The reply should contain every line of the data, repeated exactly, and no pictures.

Top of INFORMATION PROVIDED

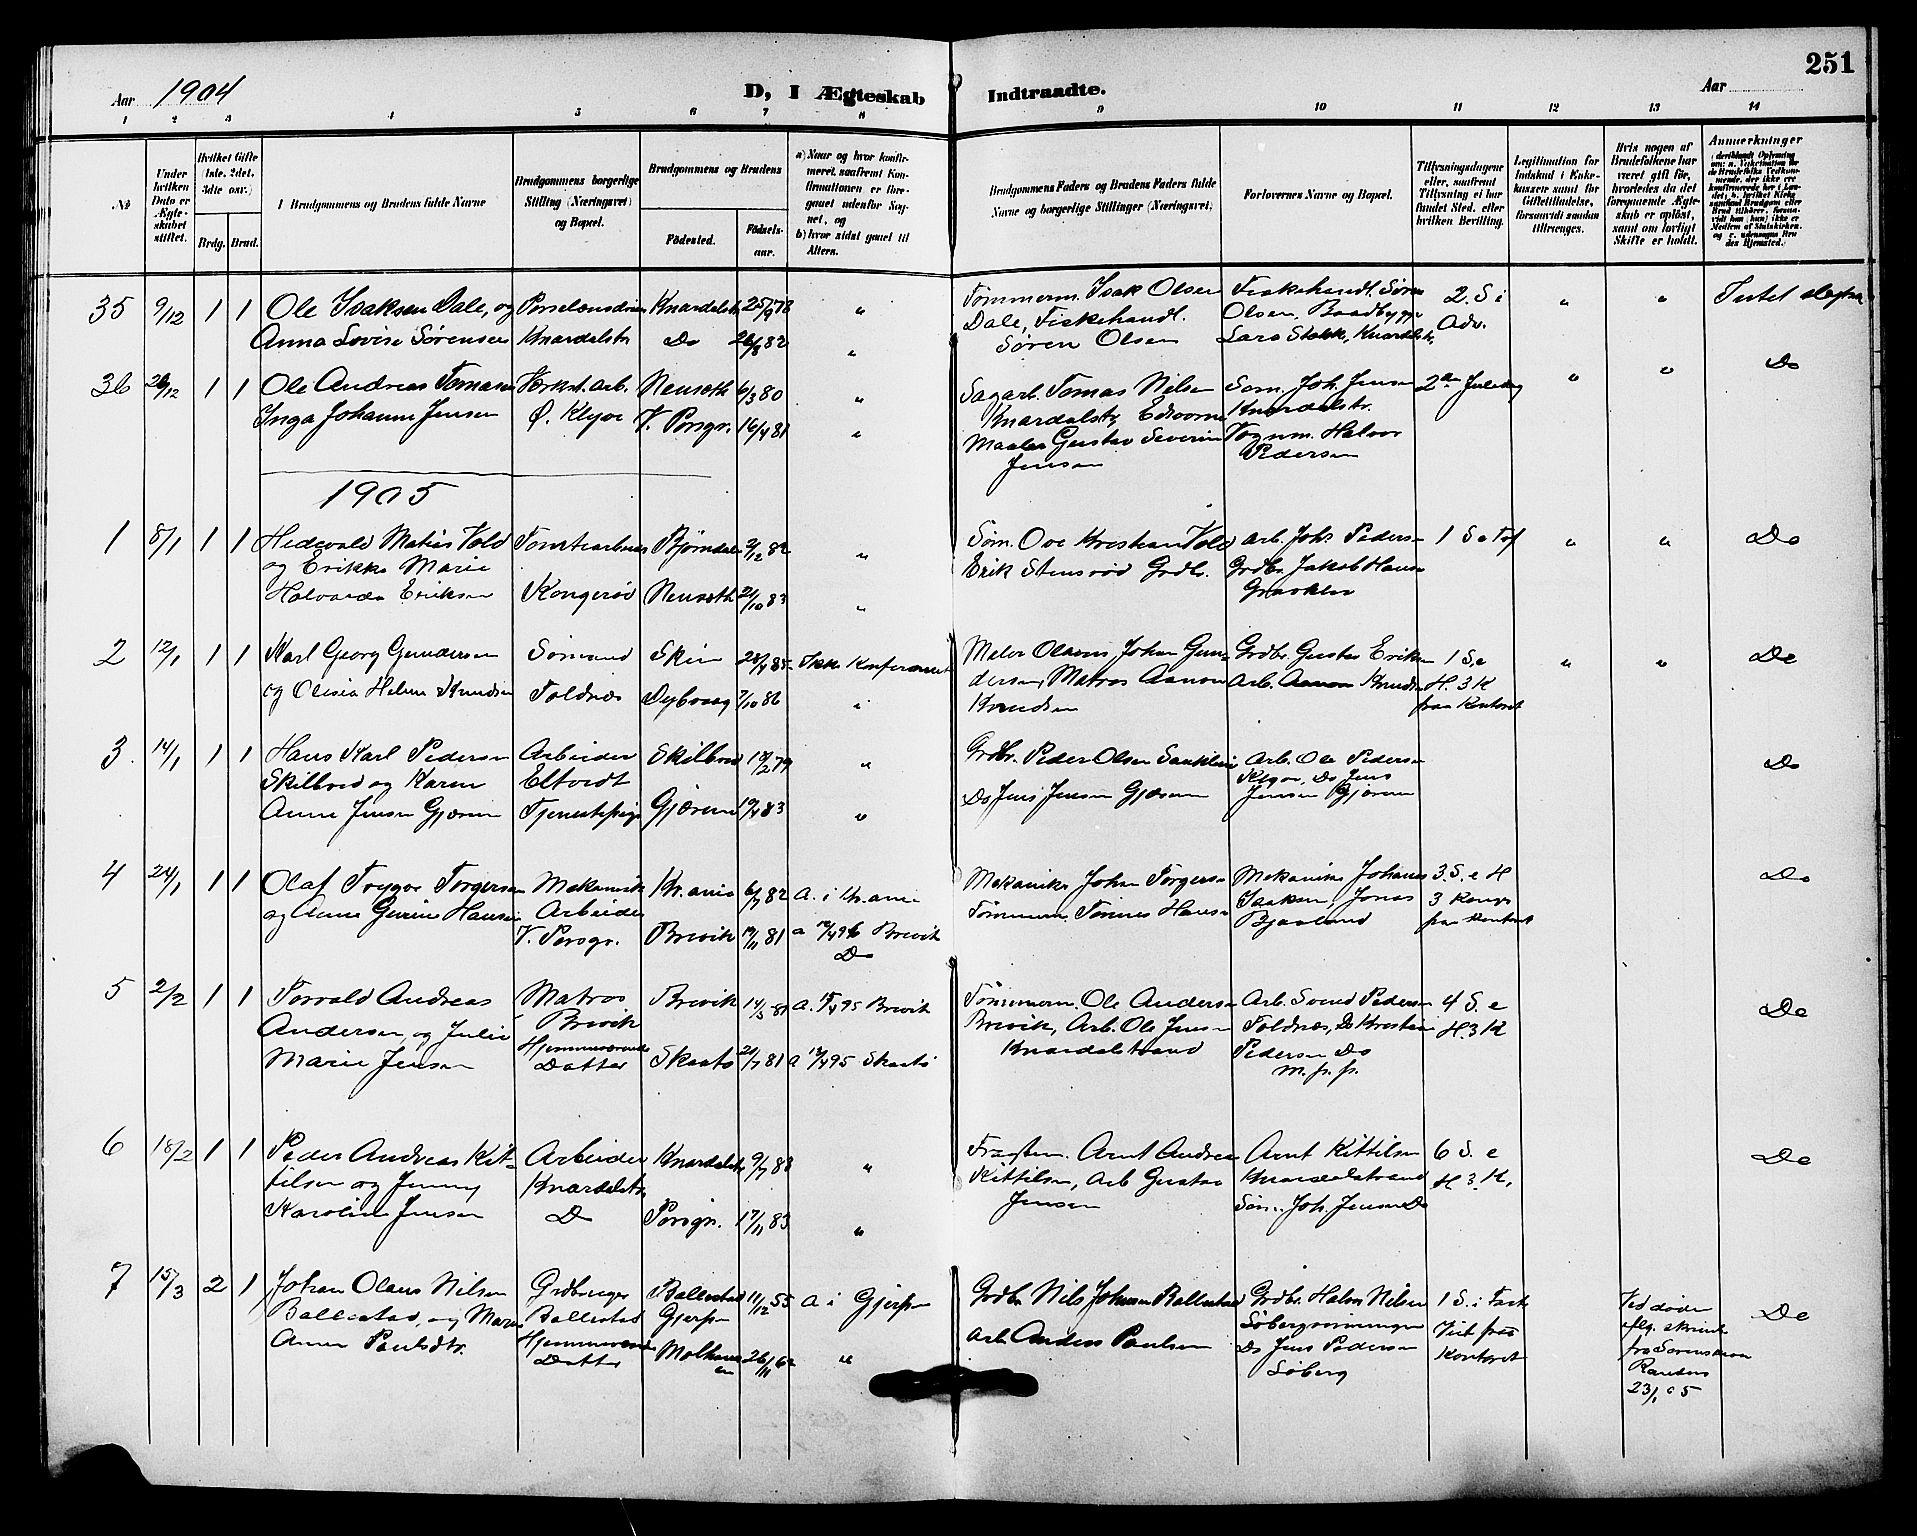 SAKO, Solum kirkebøker, G/Ga/L0008: Klokkerbok nr. I 8, 1898-1909, s. 251
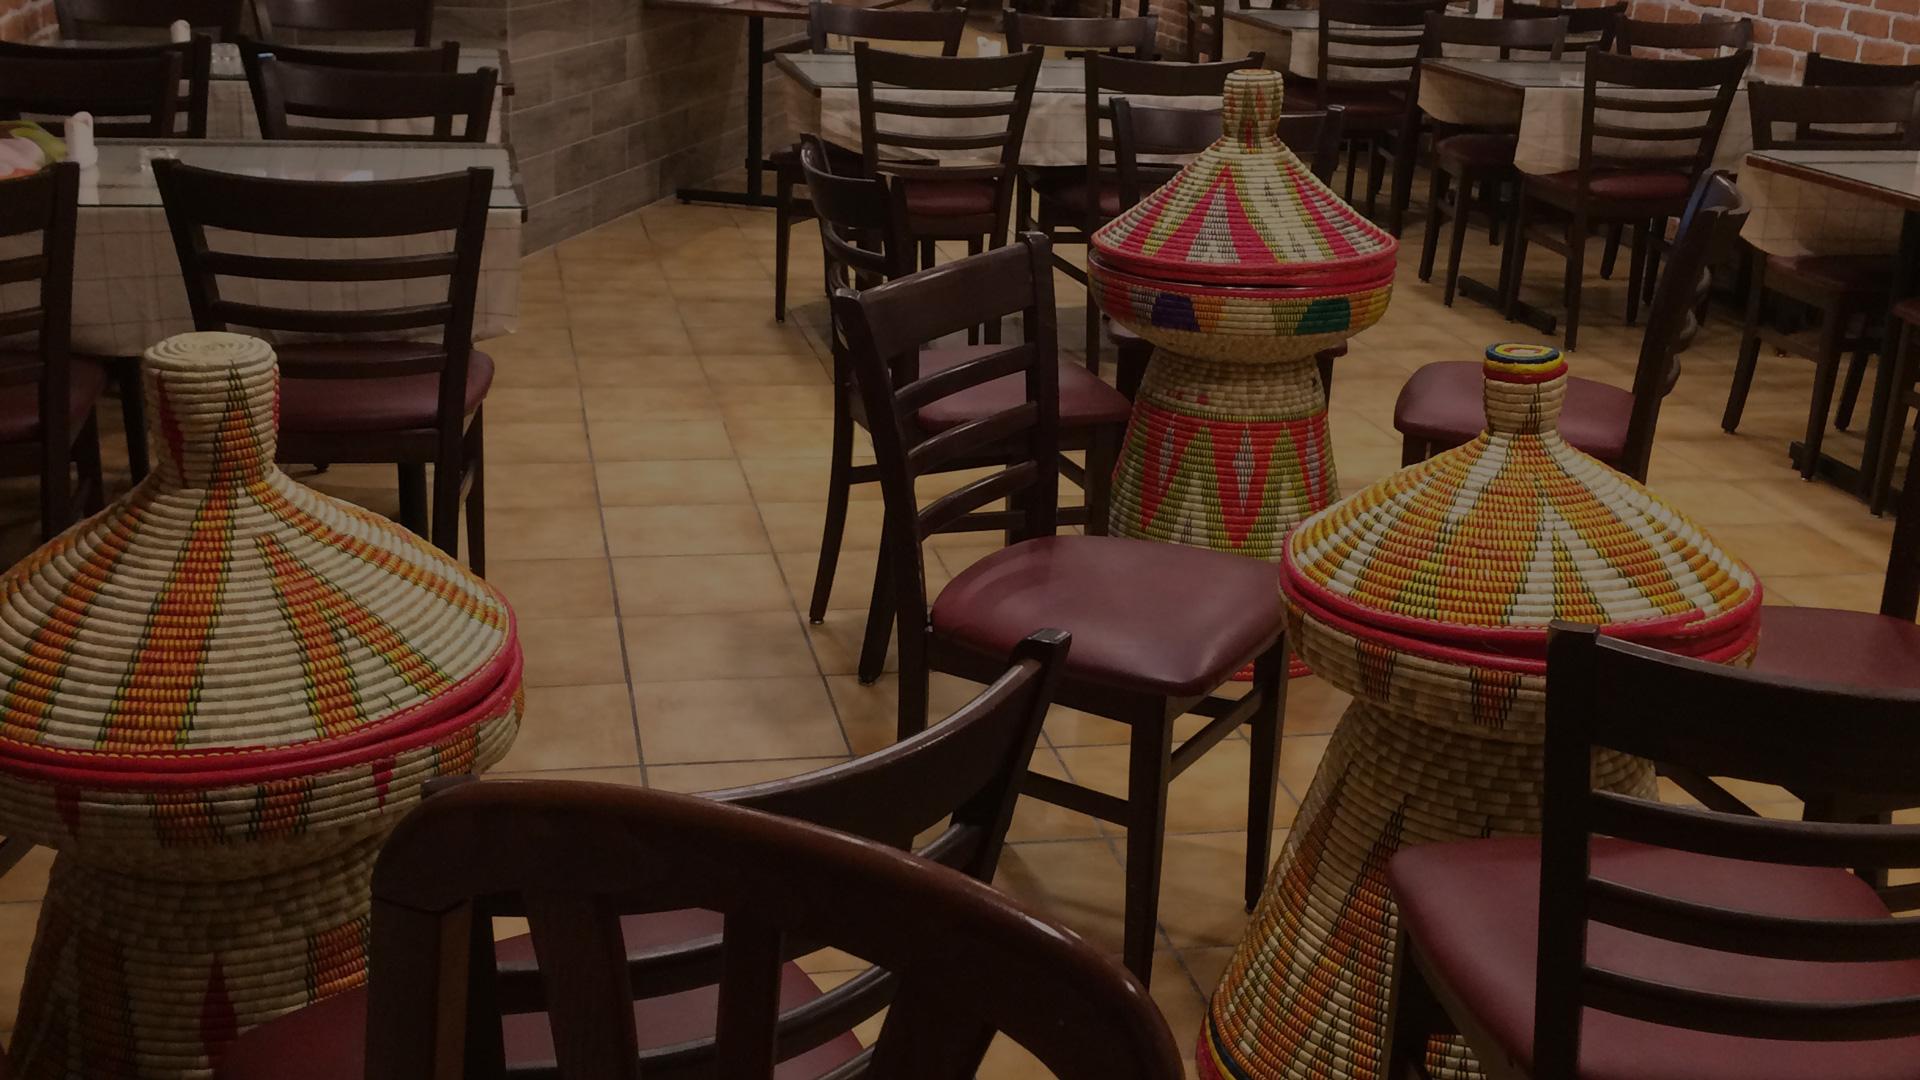 East Africa Restaurant på backaplan i Göteborg
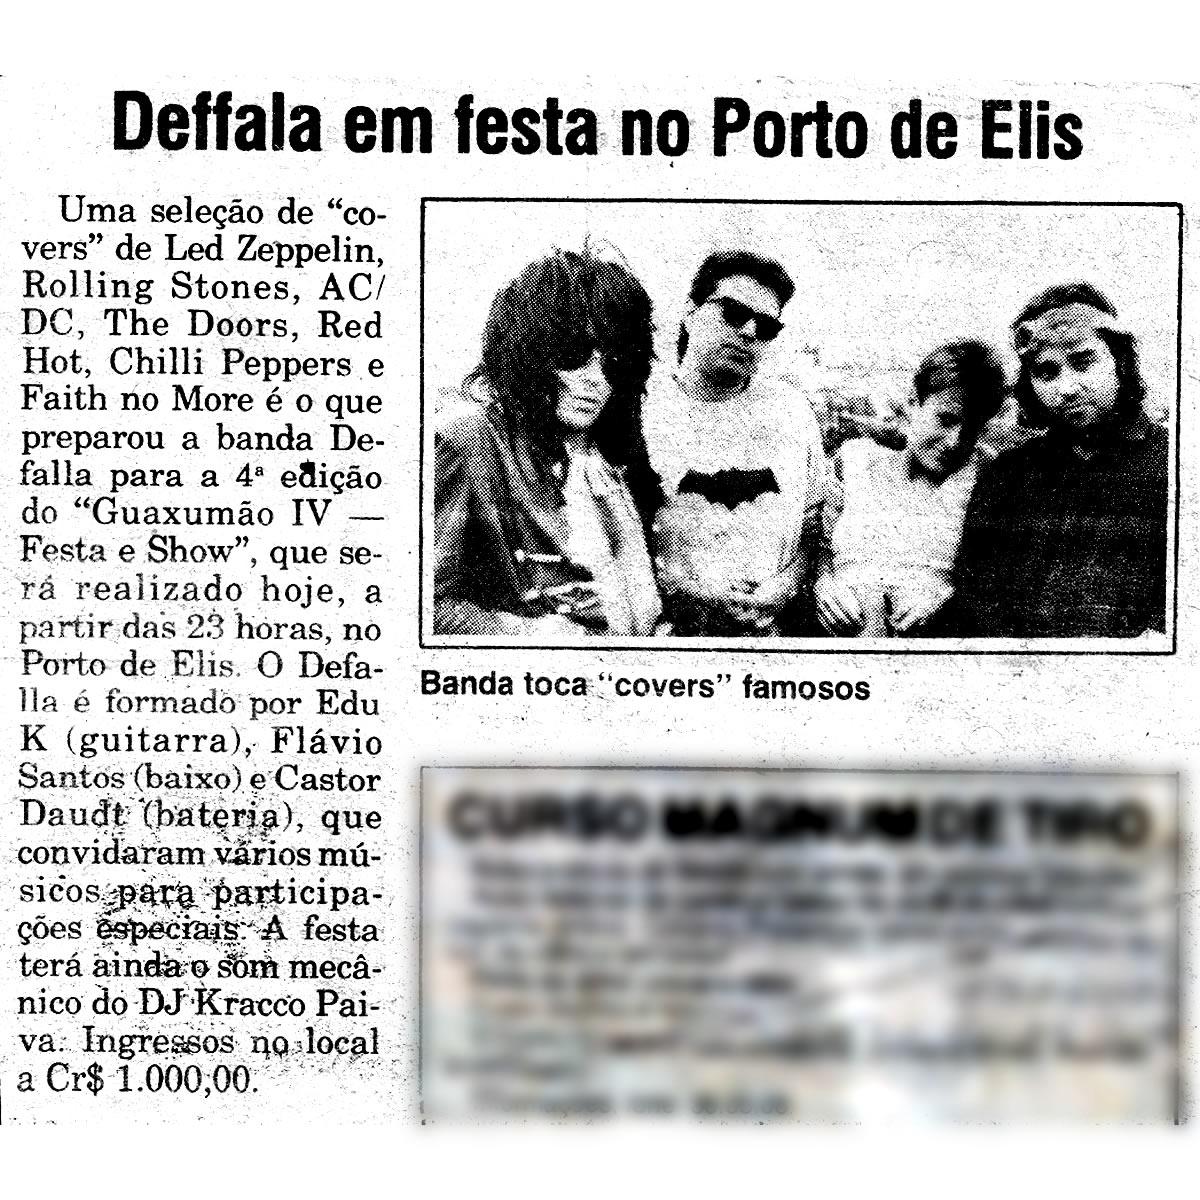 [PRESS] Deffala em festa no Porto de Elis

Bottom of INFORMATION PROVIDED

- PROBLEM SOLUTION -
 SAKO, Solum kirkebøker, G/Ga/L0008: Klokkerbok nr. I 8, 1898-1909, s. 251
 East Africa Restaurant på backaplan i Göteborg
 [PRESS] Deffala em festa no Porto de Elis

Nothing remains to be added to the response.